# I need to catch Crappie



## bigcountryjc (Nov 4, 2006)

I need to catch some crappie thats all there is to it. I haven't been fishing for crappie in almost THREE YEARS that is way to long. If anyone is going fishing in the houston area for crappie and needs or just wants some company let me know. I have no problem driving an hour to meet up with you either along with buying the minnows. I am in texas city and just want no NEED to get into a mess of crappie. I love fishing for specks reds and flounders along with offshore fish but there's just something abou those little guys that gets me fired up. So if you are wanting to help a person out let me know what it would take for me to get out on the water with ya. I am available any day or night just let me know.


----------



## SKs Crappie Fishing (Mar 24, 2008)

pm sent!


----------



## Gilbert (May 25, 2004)

silentkilla said:


> pm sent!


I'd be careful about fishing with that guy if I were you. lol. :spineyes: :cop:


----------



## SKs Crappie Fishing (Mar 24, 2008)

GILBERT,

why do you say that?


----------



## trout01 (Apr 4, 2006)

You must not have a copy of the " texas city **** calander " that was posted last summer.I need to get mine signed because one day it will be worth something??? I'm still laughing at all the posts.


----------



## bigcountryjc (Nov 4, 2006)

Gilbert i swear to god if you ruin this for me I'll kill you instead why don't you say positive things about me every once in a while I have some good traits. Leave the calander where it belongs on the other forum board.


----------



## Procrastinator (Jun 30, 2008)

bigcountryjc said:


> Gilbert i swear to god if you ruin this for me I'll kill you instead why don't you say positive things about me every once in a while I have some good traits.* Leave the calander where it belongs on the other forum board*.
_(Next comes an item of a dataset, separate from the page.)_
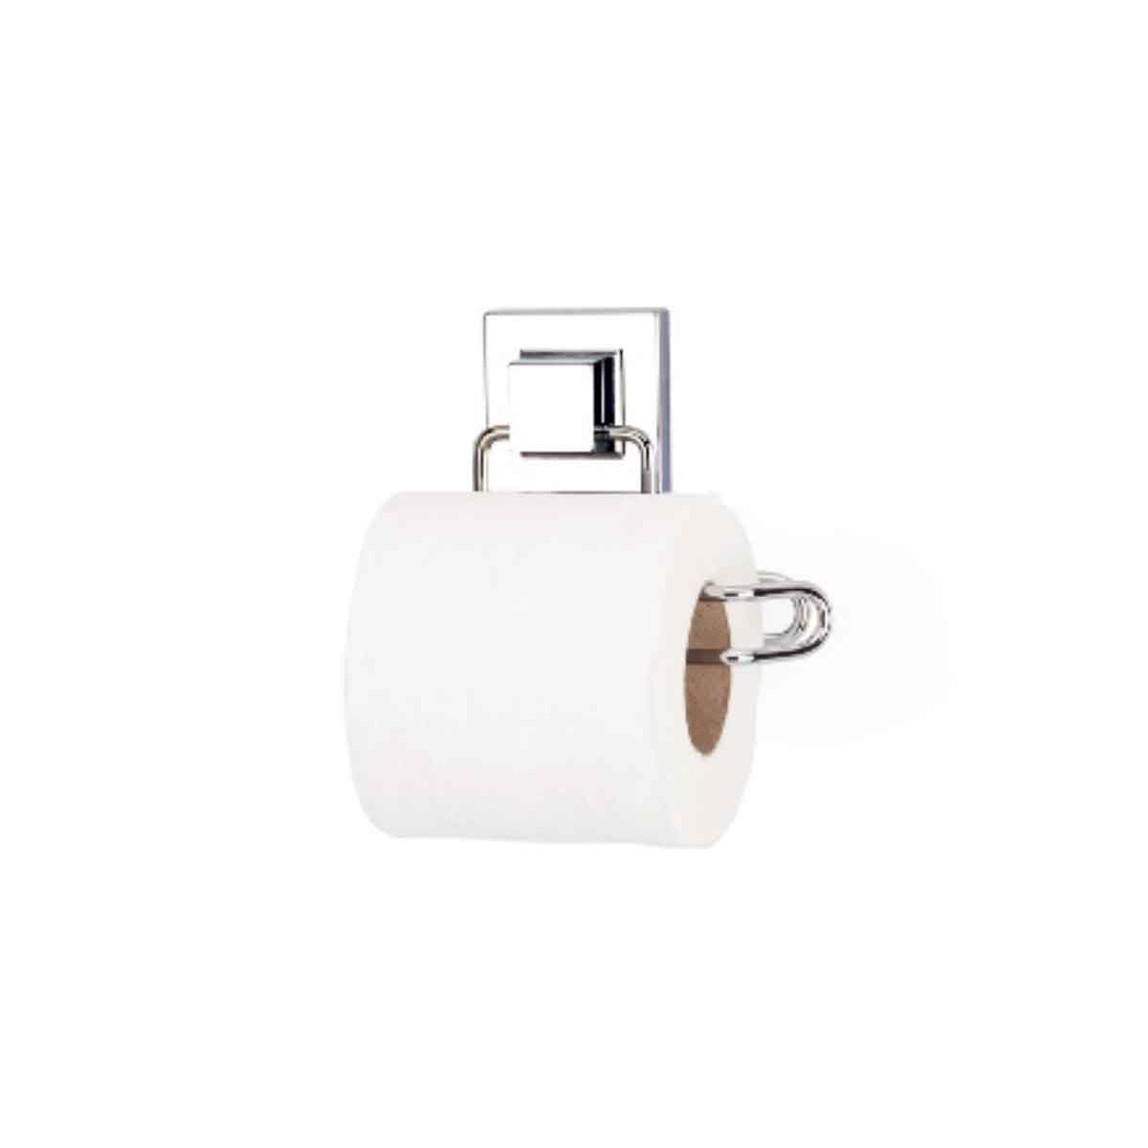 EasyFix Yapışkanlı Tuvalet Kağıtlığı

Gotta link or a pic so that we can judge for ourselves? :biggrin:


----------



## bigcountryjc (Nov 4, 2006)

Procrastinator said:


> Gotta link or a pic so that we can judge for ourselves? :biggrin:


LOL yes and no way although i am sure gilbert will post it if he ever gets back on here he is such a messycan.


----------



## Gilbert (May 25, 2004)

bigcountryjc said:


> Gilbert i swear to god if you ruin this for me I'll kill you instead why don't you say positive things about me every once in a while I have some good traits. Leave the calander where it belongs on the other forum board.


sad4smsad4smsad4sm



you are a great fishing partner. there, you happy. :spineyes:


----------



## Gilbert (May 25, 2004)

bigcountryjc said:


> LOL yes and no way although i am sure gilbert will post it if he ever gets back on here he is such a messycan.
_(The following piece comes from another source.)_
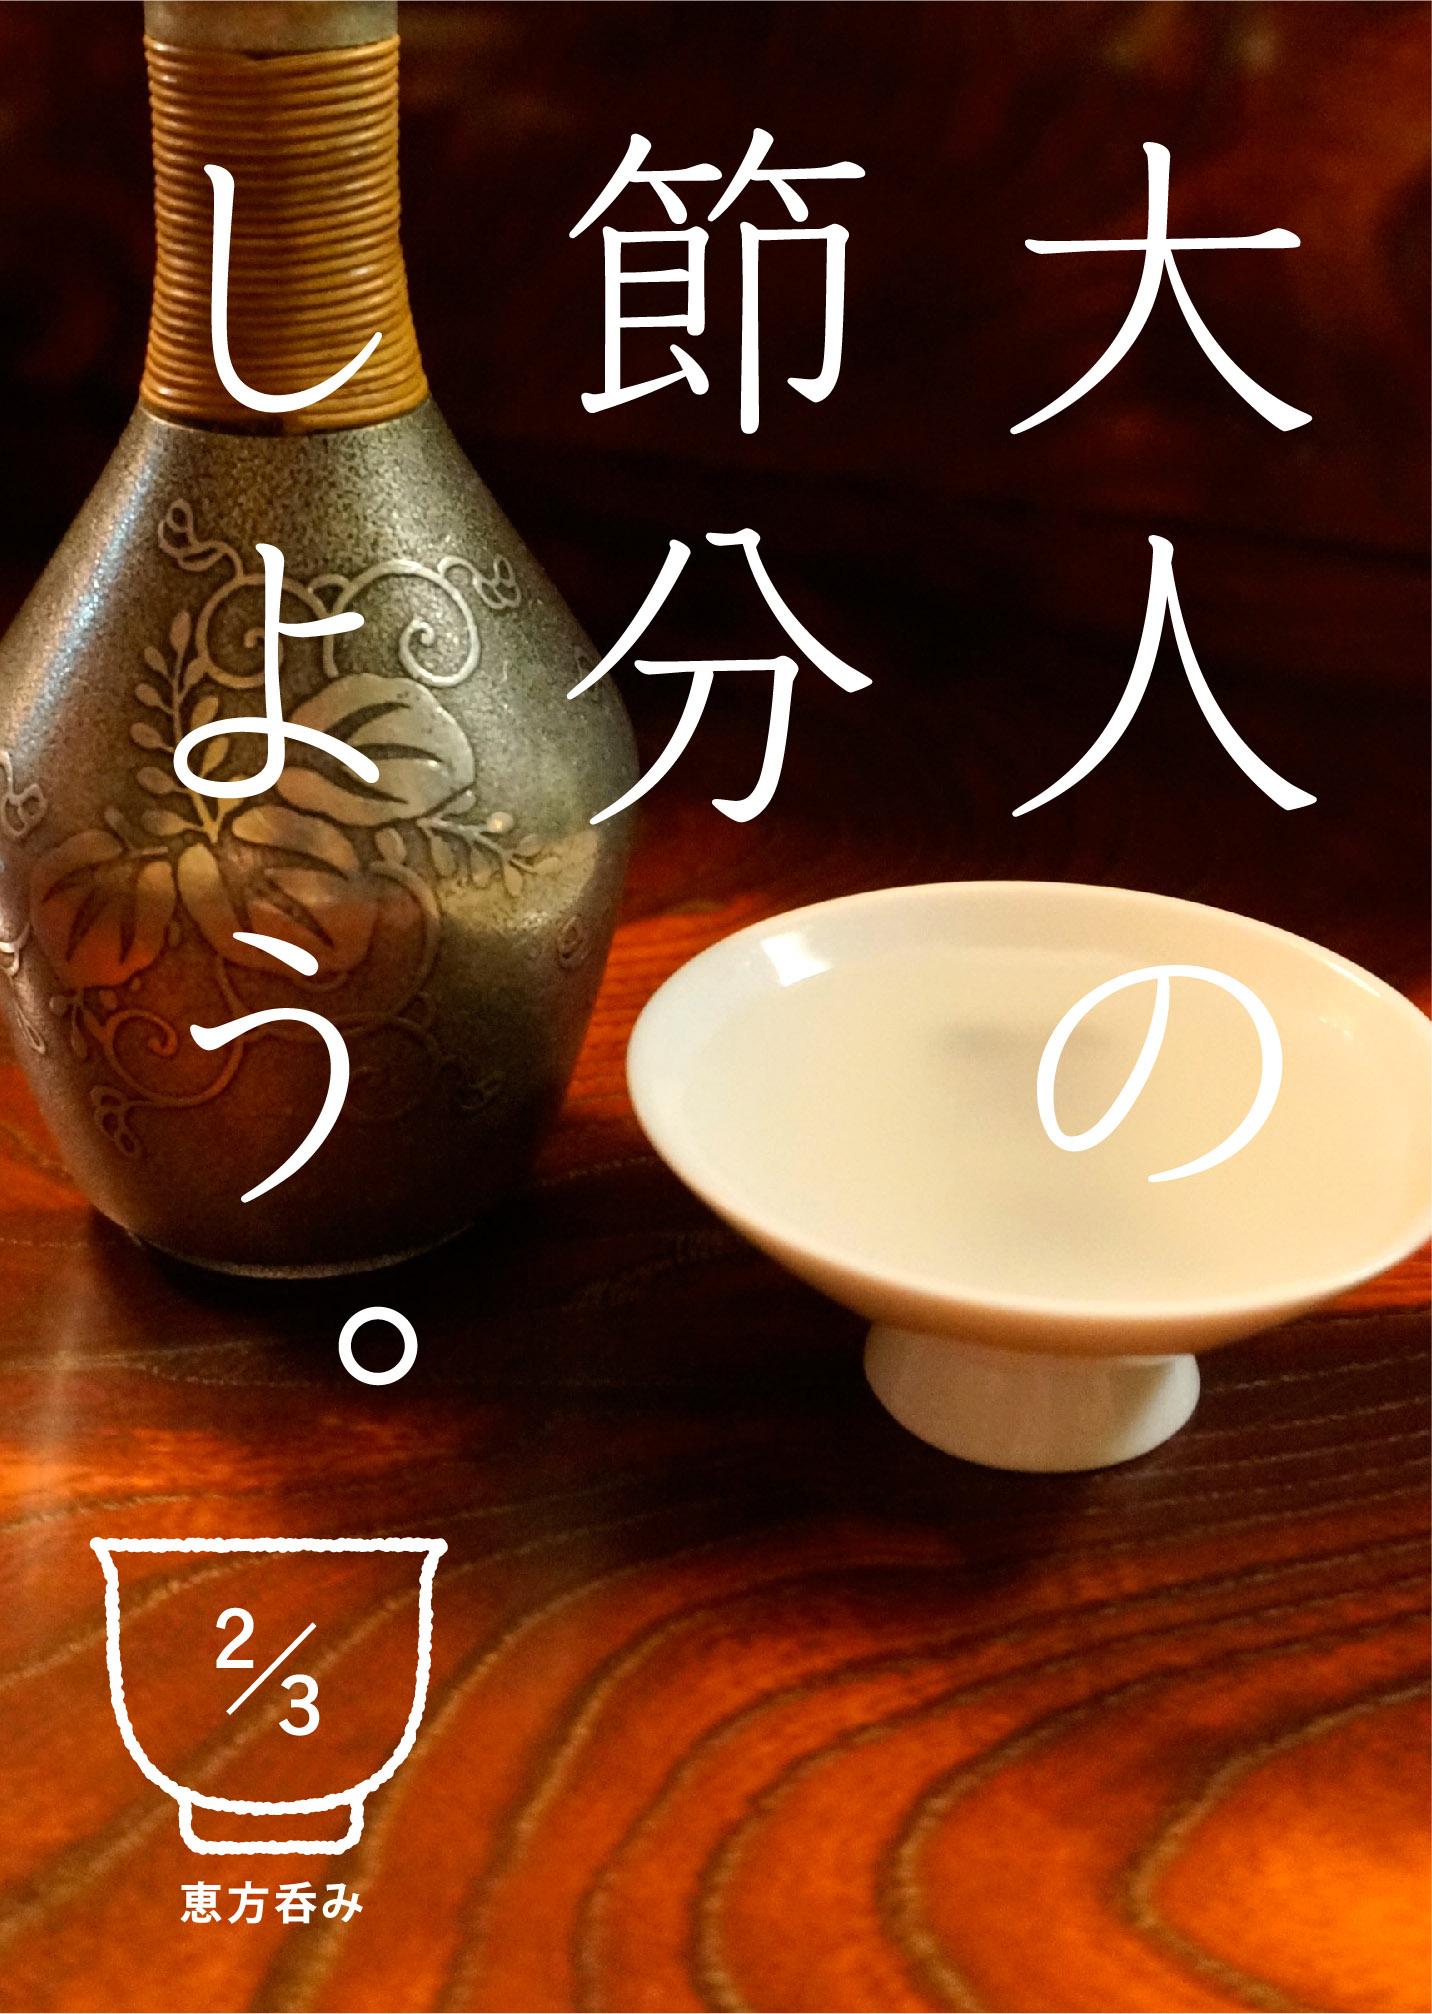 ehonomi2015_0203_2_jpg

I don't have it. Are you back in Texas City?


----------



## scubaru (Mar 28, 2005)

Just because it burned my eyes so bad, anyone who posed for that calendar shoot, should have it come back to haunt them!


----------



## oceankayaker84 (Dec 16, 2007)

Hey Audrey!!:spineyes:

You know there's crappie in those freshwater ponds near Hitchcock right? Not a lot, but their in there along with some nice bass. It's the small ones right off of I-45 and are kind of out of sight. There's a dirt road to access them. 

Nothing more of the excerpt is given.